The first day of school. His Abba and his mum, holding onto his little fingers, as he wrapped them tightly around theirs, refusing to let go. Where had time flown. Childhood evolved into teenage. The child who had been content to listen to bedtime stories, now preferred his laptop to his mum. She who anxiously still queried his meals, only to be told brusquely that she need not bother. He still could not sleep without hugging her tho, and she sought solace from his friends mums who reassured her that their children did just the same.

He had been her only child, and they had tried to give him the best that life had to offer. Being Muslim and young was no longer easy, in an increasingly hostile world. She knew that he spent long hours discussing the scenario abroad, the US, Australia, even France, after the Charlie Hebdo attacks. That he had made it abroad, to a university of his choice, in spite of it all, showed his dedication to his studies. How proud she was of him !

Yet. Within her heart she knew. They lived in a dangerous world. The internet had brought home all the angst and violence that prevailed in the world. How safe was he, was a question she asked herself everyday. All it would take was one zealot, one madman, one racist police officer, one shot from one gun. Everyday anxiously they waited for night and the skype, to reassure herself he was alive and well. His choice of subject did not help. Journalists were constantly at risk of life and limb.

Where was the world of her youth ? Where did the innocence go ? Questions that she asked herself often. The only rebellion then had been a stolen ice cream, a party with girlfriends on the sly. Fathers word was law. For her and her brother. Marriage was a happy arrangement. Maybe the thought that it was for keeps brought security and love. A journey she was contented to share with a good man who cherished and loved her. Of  the child she beget him. The son who grew up happy. Until the advent of the computer. That it made a recluse of him, she could forgive, that it took her away from them, opened up the vistas of wild and dangerous adventure, she never could. Yet if she was to keep up with him, she needed it. Vitally.

 Then  it happened. For the next five days there was no contact. Skype, phone calls, even e mails were not responded to. Only after she had panicked and called her cousin there, did he call her. The call came from an unknown number. An he told her that she was not to contact him. He would whenever he could. When she demanded to know why, he impatiently replied that he was busy with exams, job interviews.

So she waited. Prayer beads in hand. These days, they were never far from her hands. Her otherwise carefree husband seemed to be retreating into his own world. He came and went, silent as a shadow. They avoided looking into each others' eyes, lest the fear she felt was reflected in his too. The tenth day, he came home with a ticket in his hands. He was off to the United States. To bring him back. Joy and trepidition, her heart filled with mixed emotions, but she was relieved that he was going.

The wait became longer. Her husband no longer picked up the phone too. And still she waited.

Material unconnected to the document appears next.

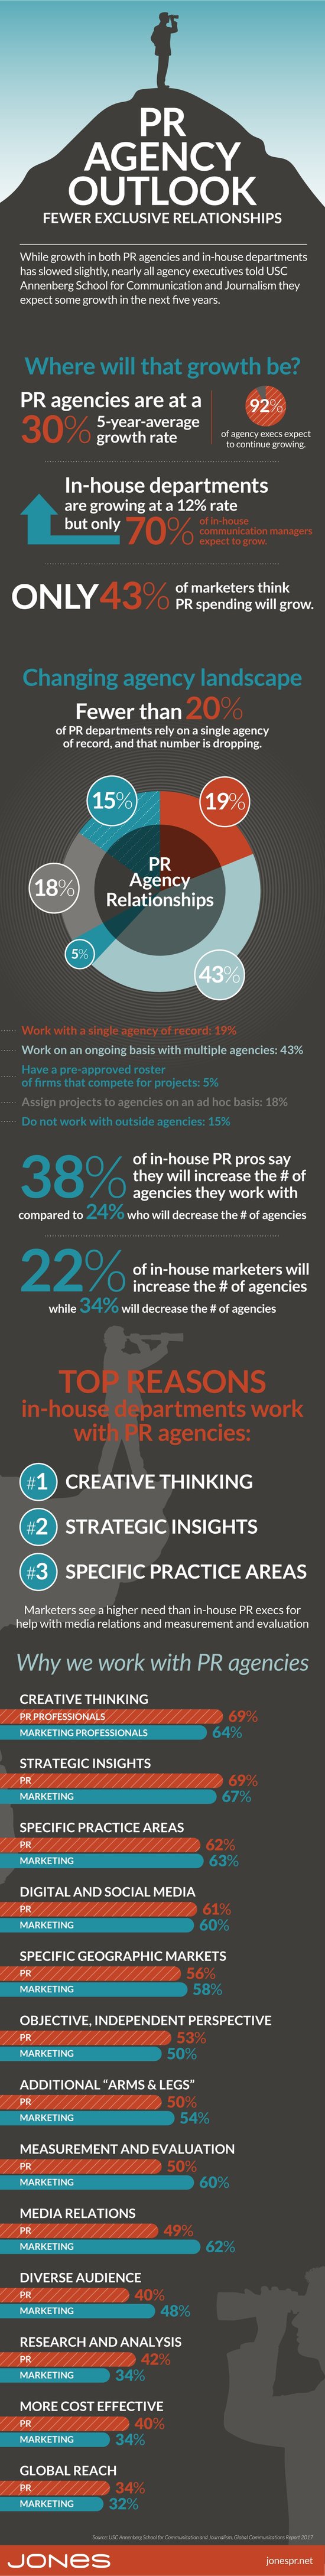 PR Agency Outlook: Fewer Exclusive Relationships (infographic)

When the door bell rang, she went to answer it. Outside stood her son, and her husband. But why the wheel chair. A thousand questions shrieking in her mind, she gathered him in her arms, going down on bent knees to embrace him, their tears mingling within her dupatta.

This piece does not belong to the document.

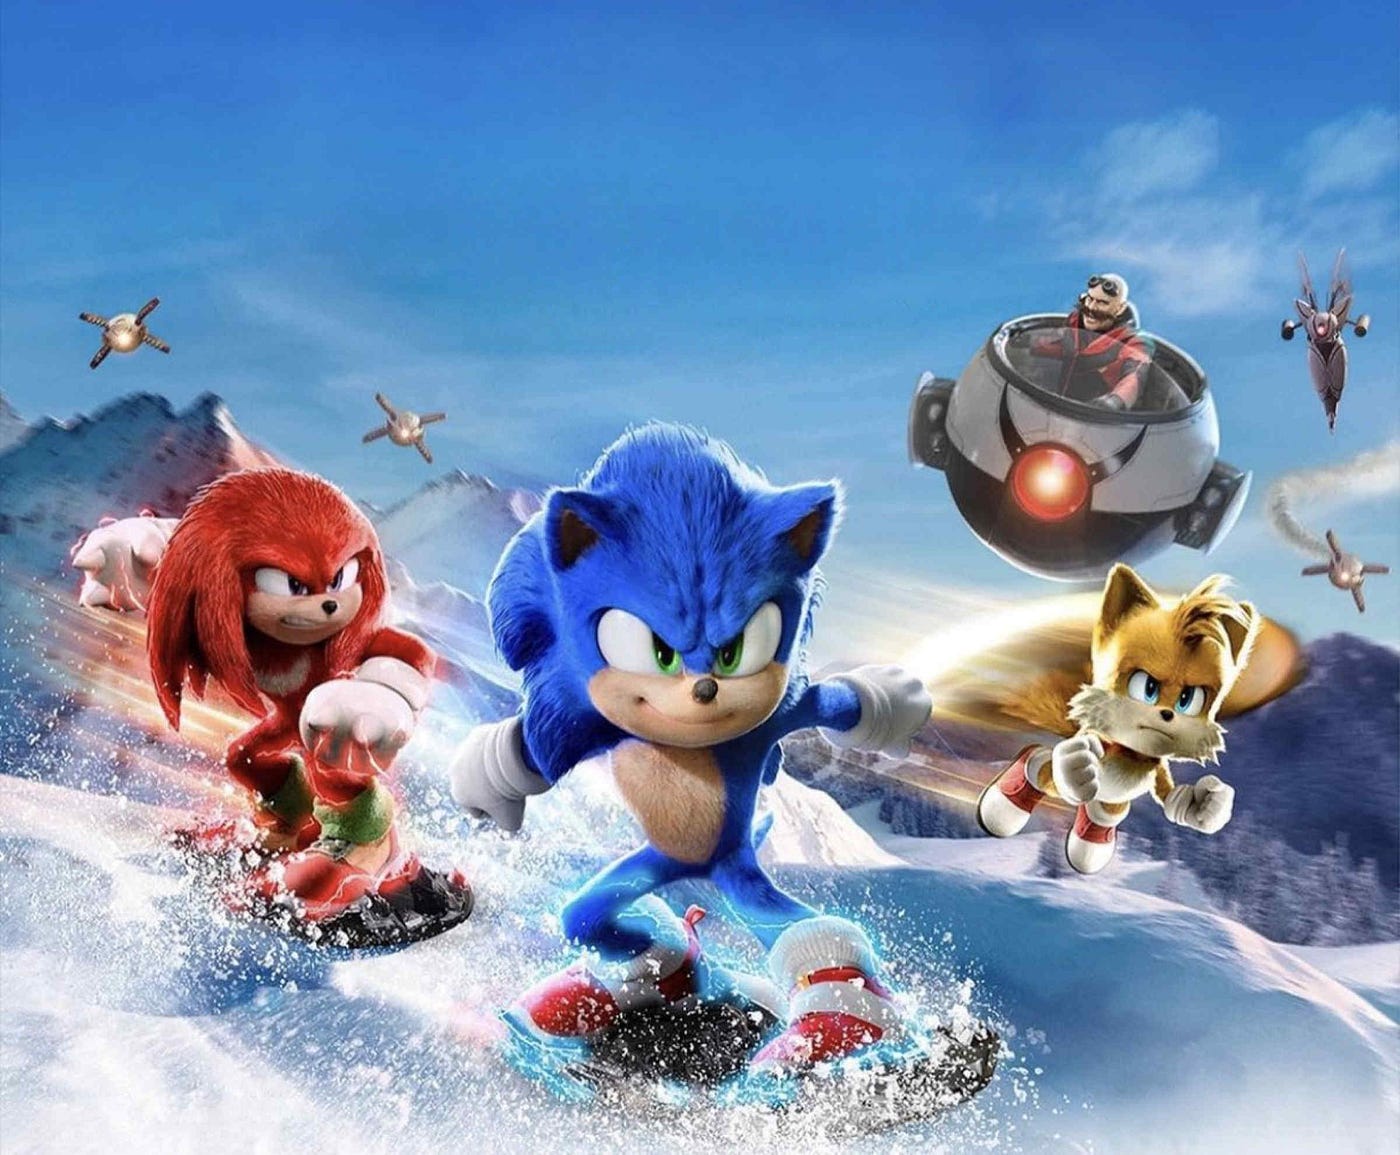 Sonic The Hedgehog 3' Going Head-To-Head With 'Avatar 3' In 2024

The society he had joined, had demanded of him that he use his expertise to make a bomb. Oversee the explosion. He refused, his mothers love and anxiety had saved him in the end.  But he had to pay a price. The next day as he crossed the street, the car came swiftly, silently. He was thrown into the bushes nearby with the impact. When he came to, he lay in hospital. The stub of his amputated leg, a grim reminder of how lucky he had been.

His father had been called by his relatives to bring him back home. Back to the innocent world of his mother's love.